ISourceAdapter has one method: IngestAsync. IOutputWriter has one method: WriteAsync. Small, focused interfaces rather than one big interface with 20 methods.

Dependency Inversion

Program.cs depends on ISourceAdapter, not RssSourceAdapter. The DI container decides which concrete class to use. High-level code (pipeline) doesn't depend on low-level code (adapters).

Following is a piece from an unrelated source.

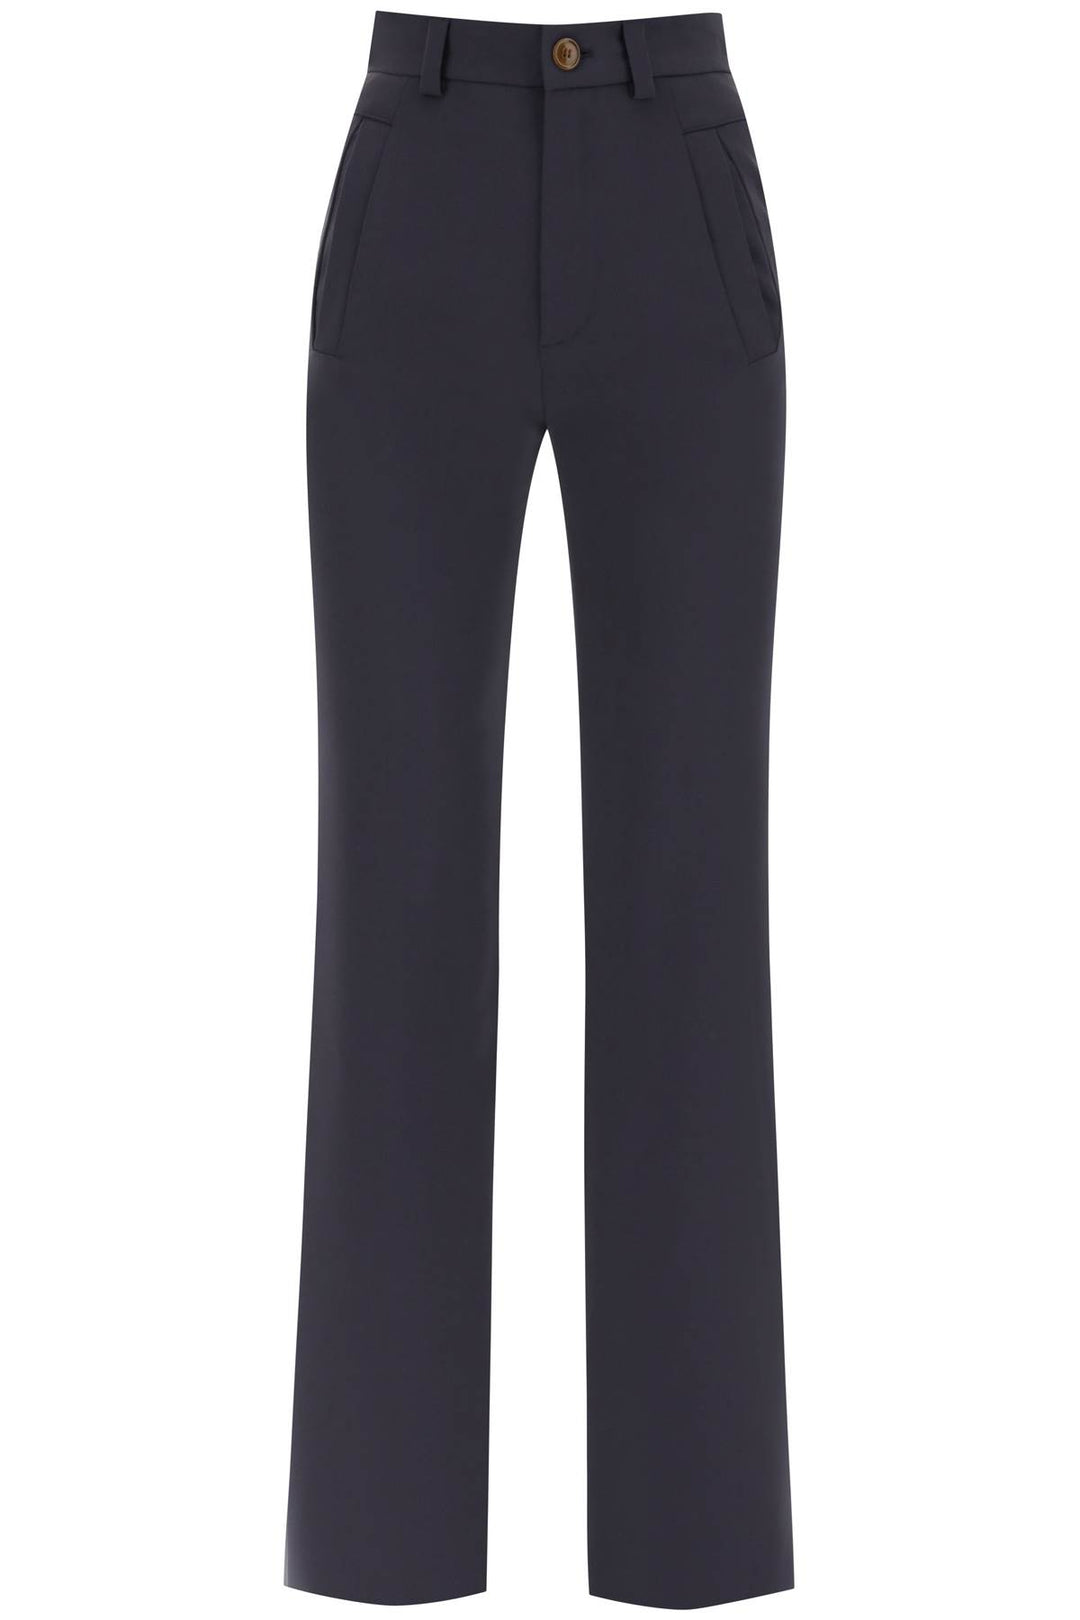 Vivienne westwood 'ray' trousers in recycled cady-0

Interfaces vs Abstract Classes

In Python, you'd use ABC (abstract base class) or Protocol. In .NET:

// Interface -- defines a contract, no implementation
public interface ISourceAdapter
{
    Task<List<IPipelineRecord>> IngestAsync(string location);
}

// Any class can implement it
public class RssSourceAdapter : ISourceAdapter { ... }
public class Edi834SourceAdapter : ISourceAdapter { ... }

Interfaces are preferred over abstract classes in .NET because:

  • A class can implement multiple interfaces but only extend one base class
  • Interfaces work naturally with DI
  • They define the smallest possible contract

IOptions Pattern

Instead of injecting config values directly, .NET uses a wrapper:

public class Worker(IOptions<AppSettings> settings, ...)
{
    // settings.Value.Sources gives you the typed config
    foreach (var source in settings.Value.Sources) { ... }
}

This supports validation, hot-reload, and named options. It's more ceremony than Python's os.getenv(), but it catches config errors at startup rather than at runtime.